Dieu est le lieu des esprits comme l’espace est le lieu des corps.
MALEBRANCHE.
I
Il y a un peu moins d’un an, le monde littéraire était convié à une représentation singulière. Un simple particulier avait loué la salle de la Renaissance, pour y faire jouer, par une troupe de province, un pamphlet dialogué intitulé Maria Stella.
De ce pamphlet, je ne dirai rien, sinon qu’on s’attendait à de fortes tempêtes dans la salle, bien qu’on n’y fût admis que sur carte d’invitation nominative. Ces prévisions ne se réalisèrent point. De toutes les sociétés parisiennes, le monde littéraire est encore, aujourd’hui, le moins mal élevé. Aussi, bien que ce fussent des excentriques qui dominassent dans ce public non moins extraordinaire que la pièce, il n’y eut ni gros mots, ni voies de fait, et l’on n’échangea que des altercations suffisamment attiques.
Vivant depuis bien longtemps en ermite, j’aurais sûrement perdu le plus grand charme d’un spectacle qui n’était pas sur la scène, si le hasard ne m’avait placé entre d’aimables boulevardiers connaissant à fond leur tout-Paris.

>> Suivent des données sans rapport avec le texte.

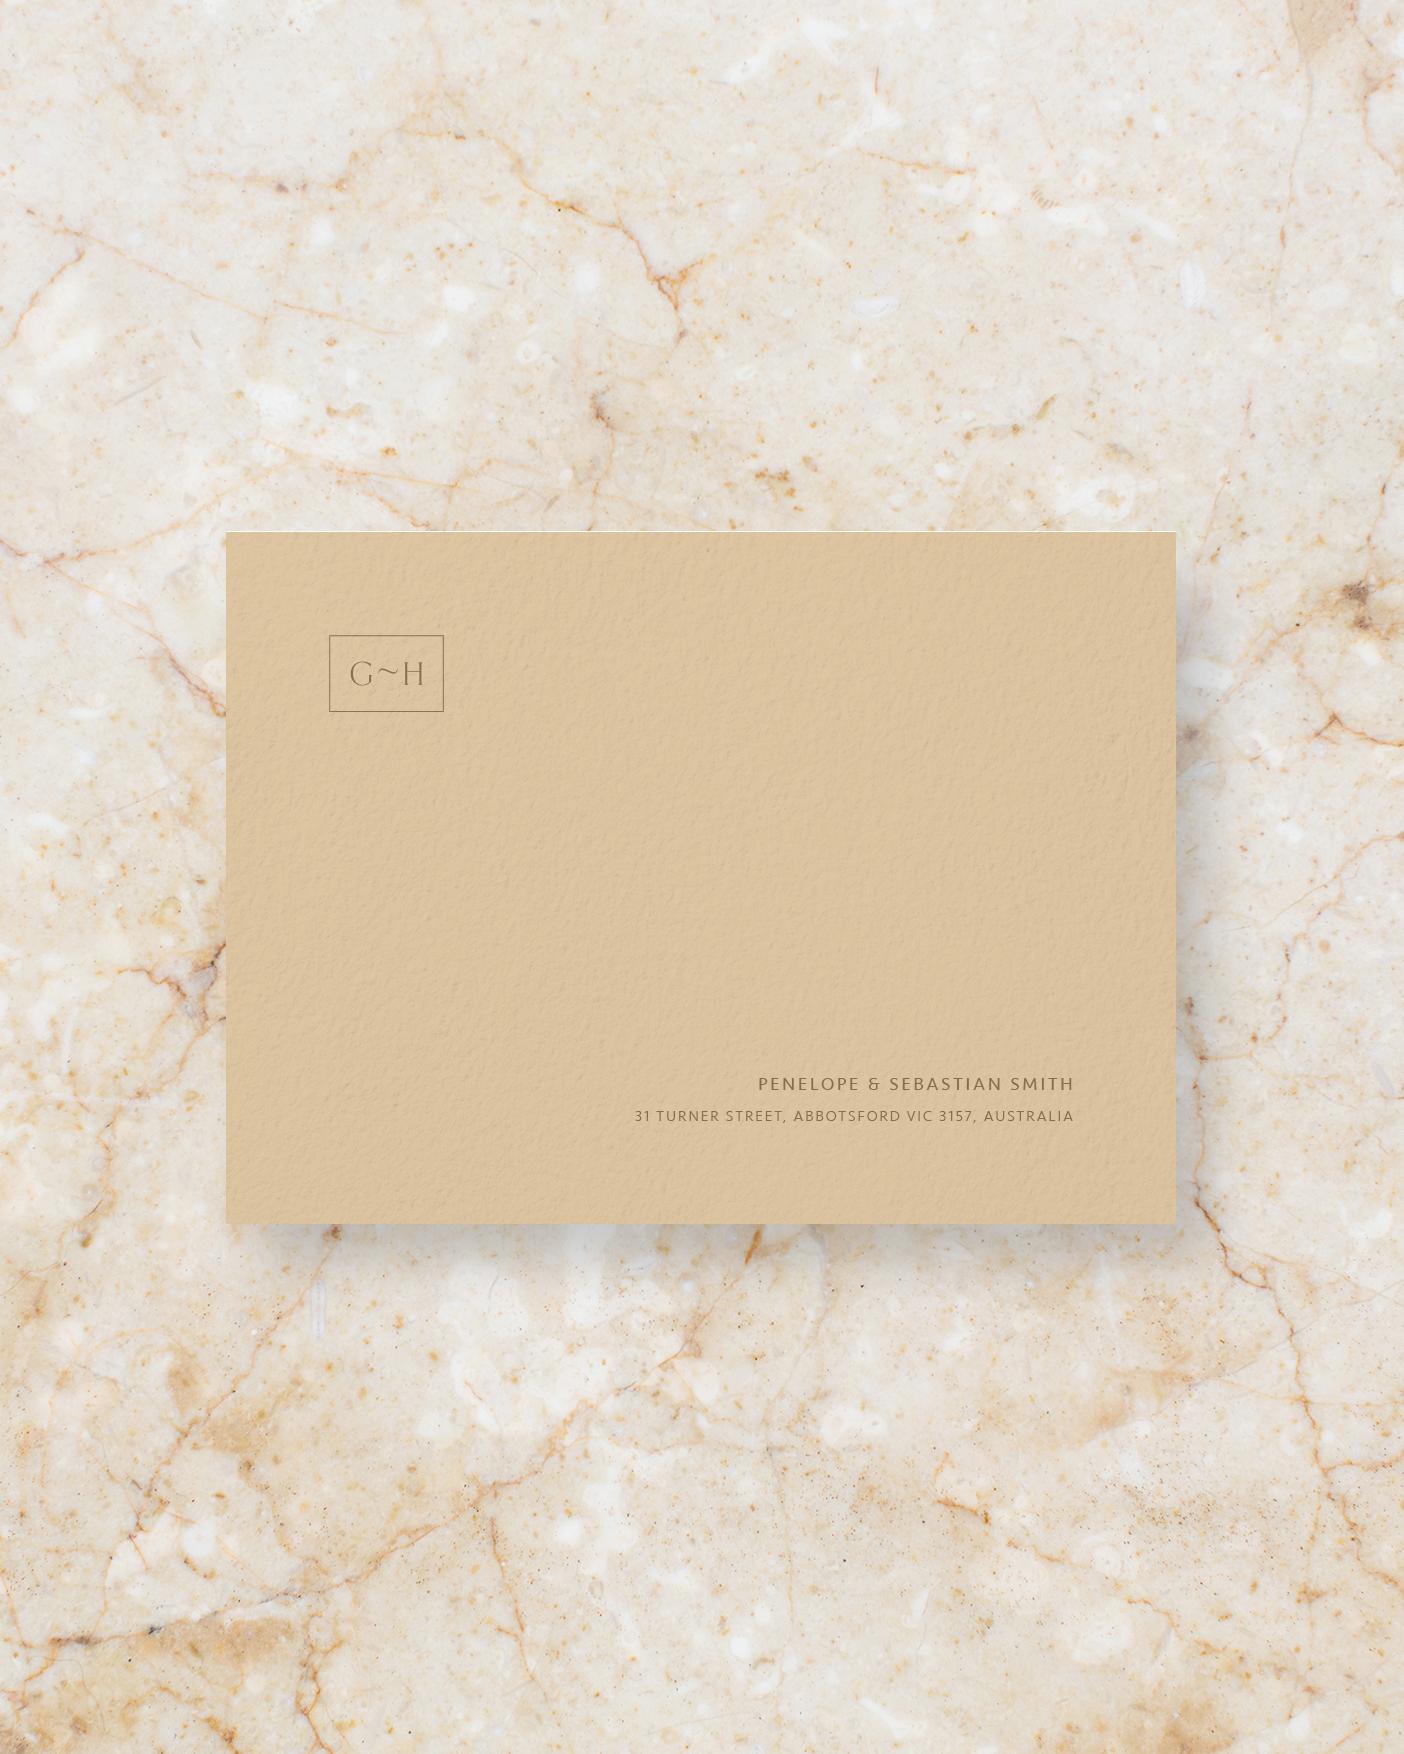 Envelope front - Stone

D’une part, c’était le poète marseillais, Clovis Hugues, avec son héroïque épouse ; de l’autre, M. Bonnetain, reporter théâtral du Figaro, que je connaissais pour lui avoir parlé une fois. Ces voisins furent d’une courtoisie qui ne laissait pas de m’étonner un peu de la part du poète marseillais, véritable type de faune de l’époque préhistorique, et cependant c’était le plus complaisant.
À l’heure des entractes, au moment où tout l’orchestre se retournait et quel orchestre ! si quelque visage extraordinaire me frappait, je n’avais qu’à m’adresser à lui pour savoir immédiatement le nom de son propriétaire.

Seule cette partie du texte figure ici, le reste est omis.